[What is being asked]: Keeping every word the same, give again only the lines from the one with "Walpola Rahula: All" through the end of the data, both included, and leave every picture out.

[Data extract]:

◇ ◇ ◇ ◇ ◇

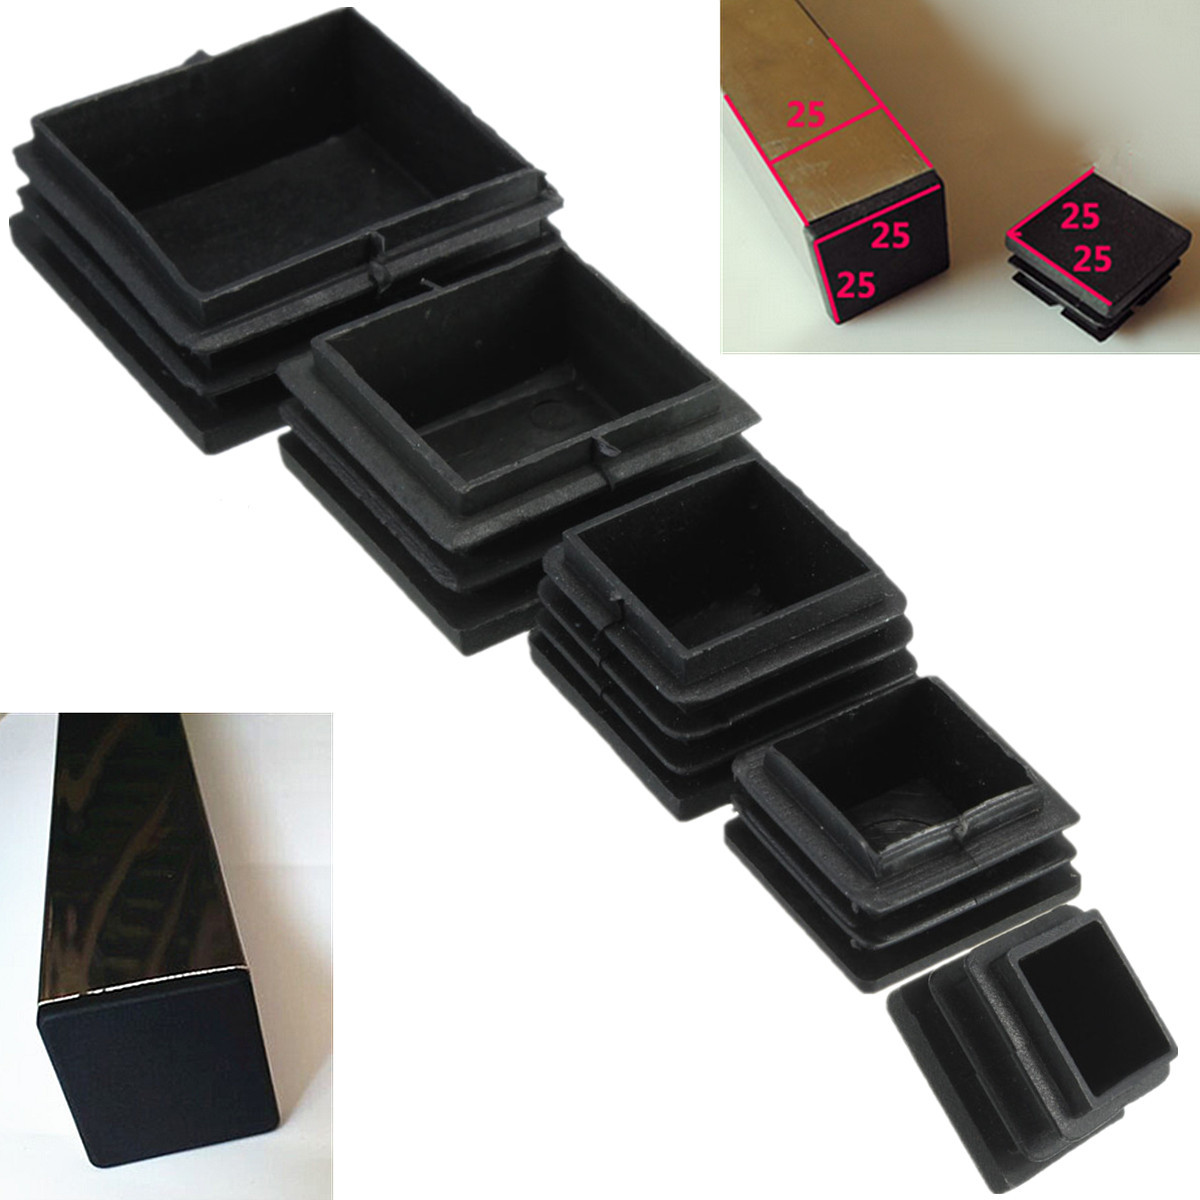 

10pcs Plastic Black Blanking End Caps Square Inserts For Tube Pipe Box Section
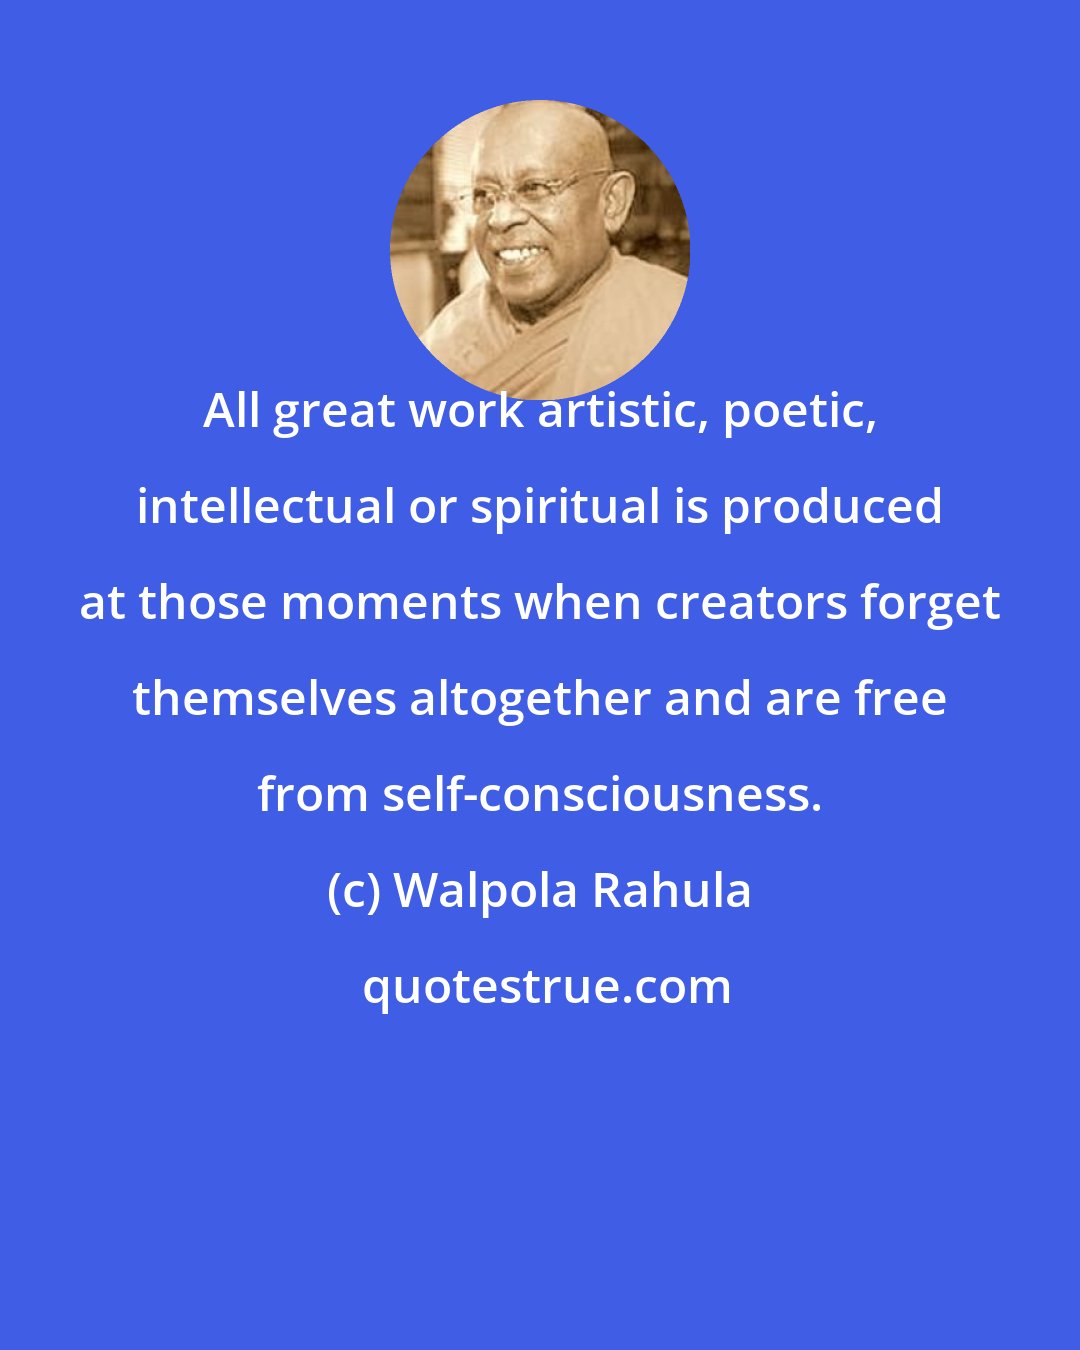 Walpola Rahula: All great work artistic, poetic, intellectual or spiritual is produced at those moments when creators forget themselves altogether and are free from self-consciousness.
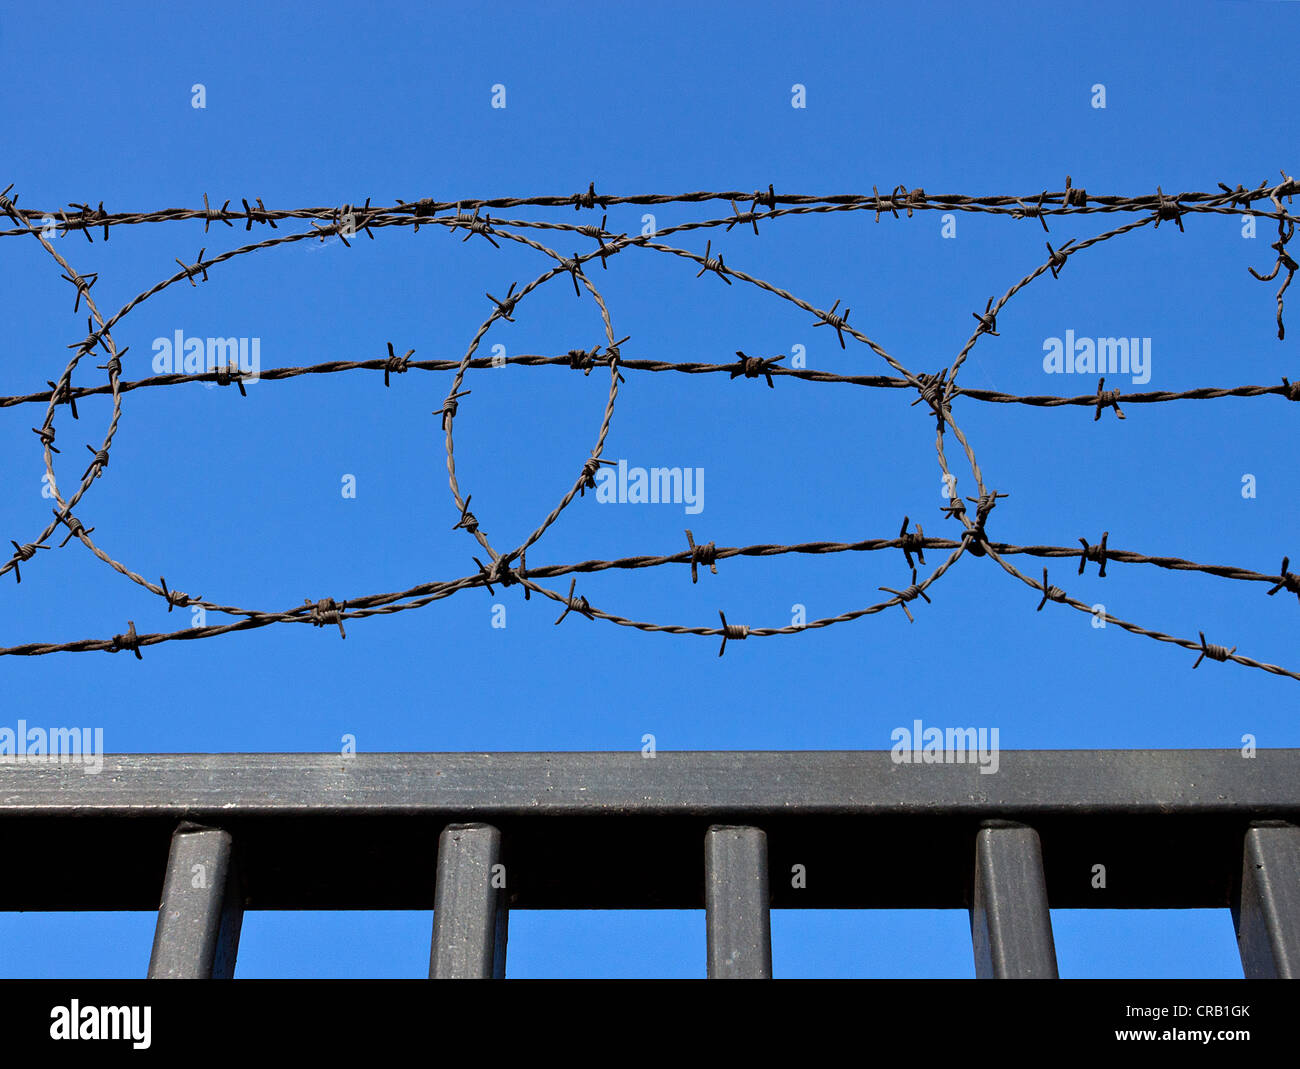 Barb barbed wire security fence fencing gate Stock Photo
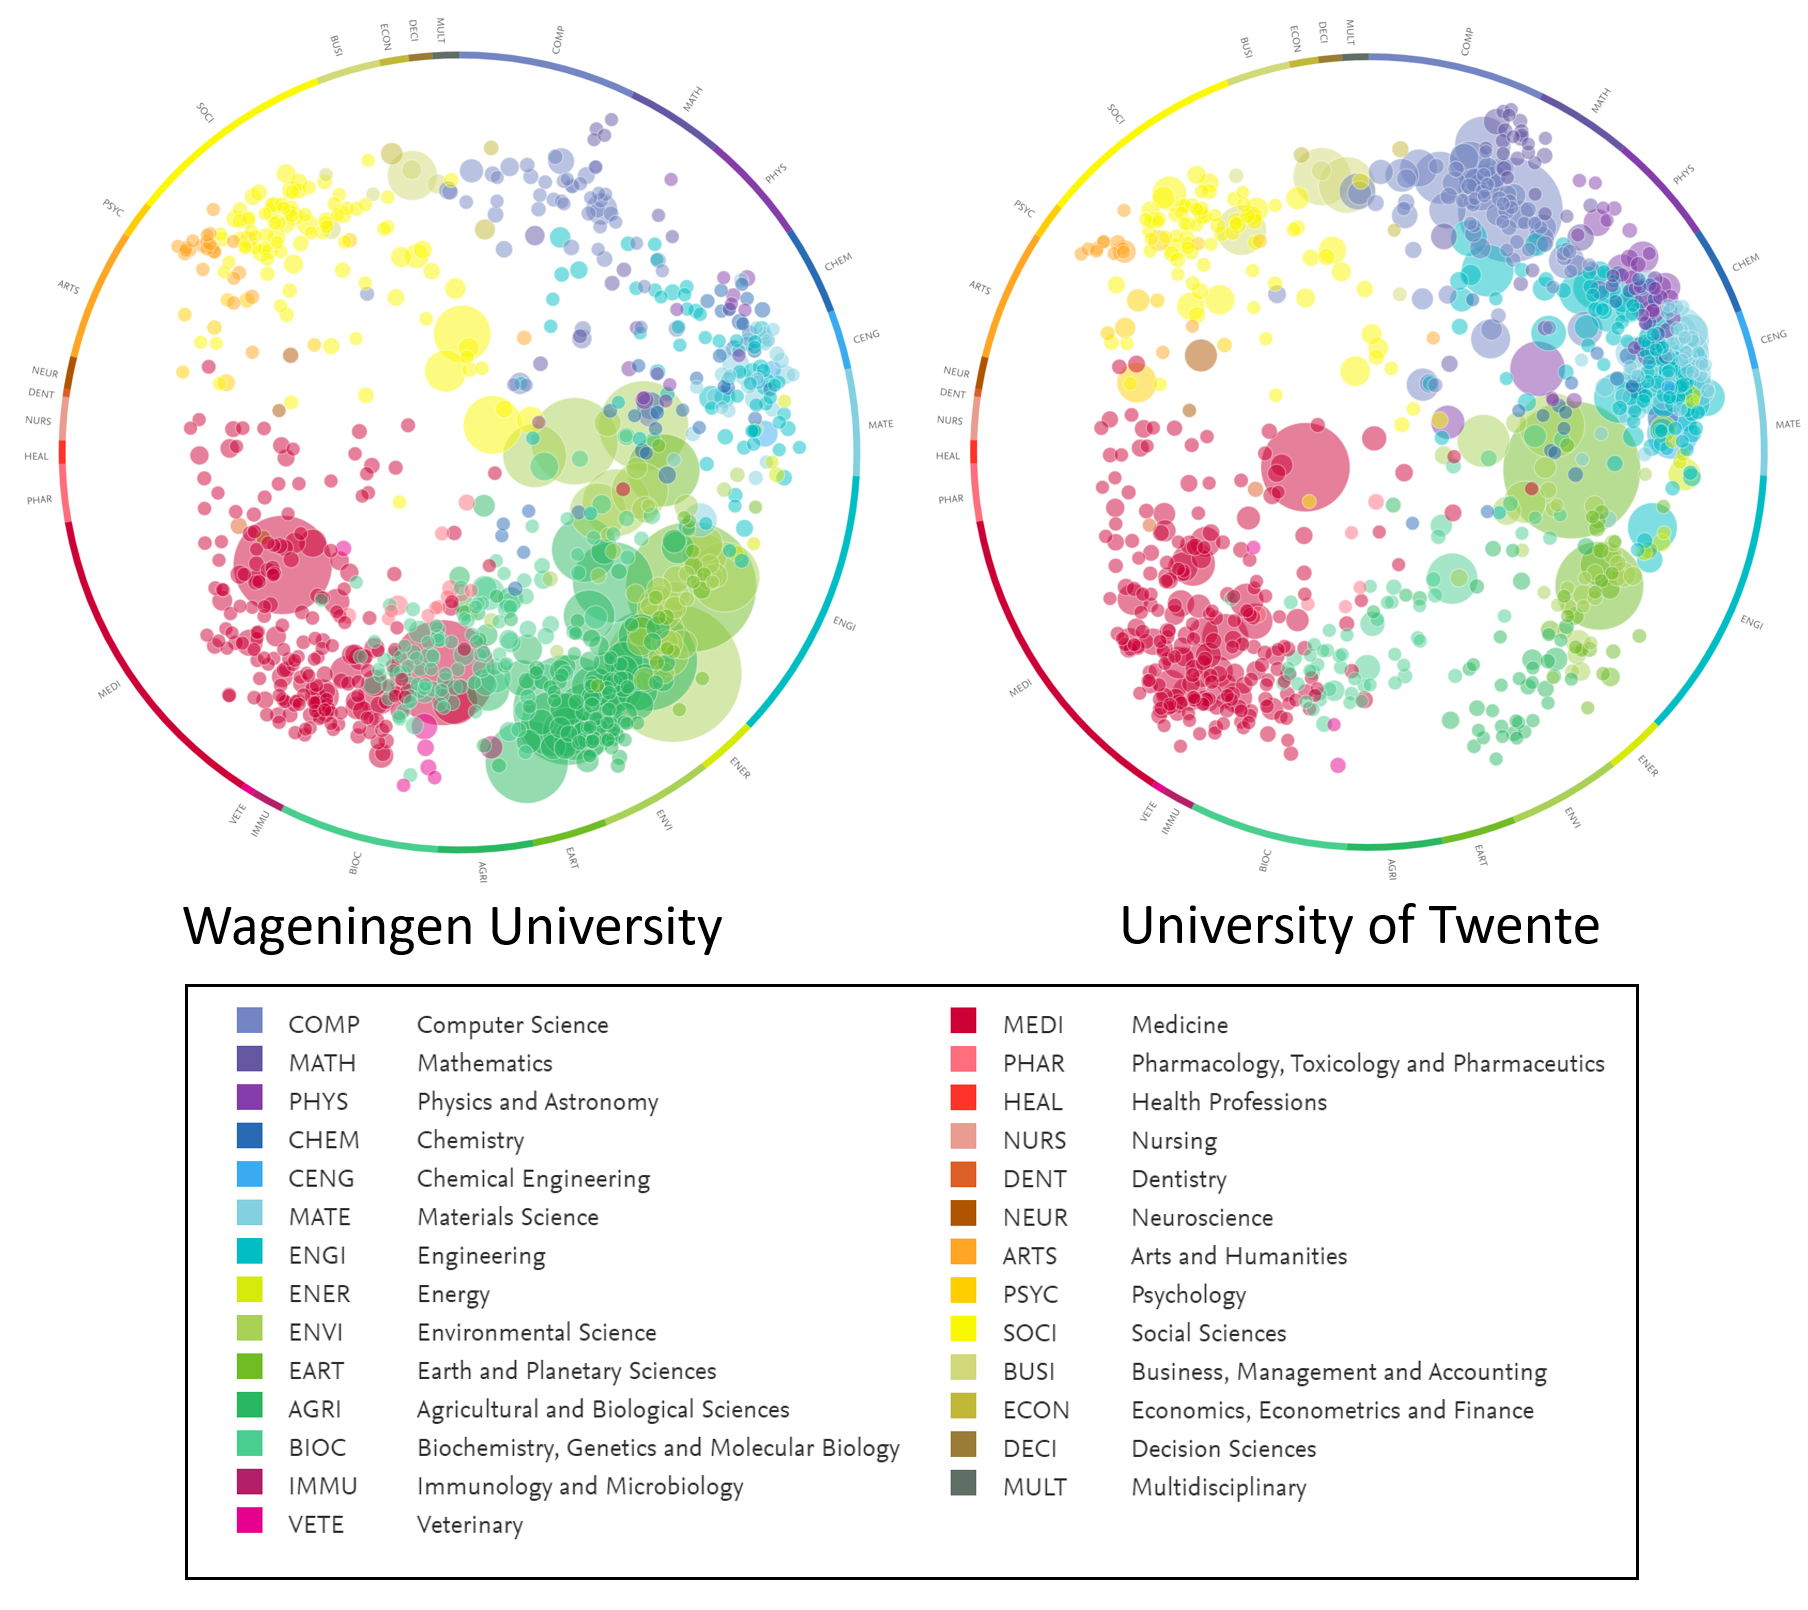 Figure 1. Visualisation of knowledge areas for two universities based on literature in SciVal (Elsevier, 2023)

◇ ◇ ◇ ◇ ◇

[Response to the exercise]:
 Walpola Rahula: All great work artistic, poetic, intellectual or spiritual is produced at those moments when creators forget themselves altogether and are free from self-consciousness.
 Barb barbed wire security fence fencing gate Stock Photo
 Figure 1. Visualisation of knowledge areas for two universities based on literature in SciVal (Elsevier, 2023)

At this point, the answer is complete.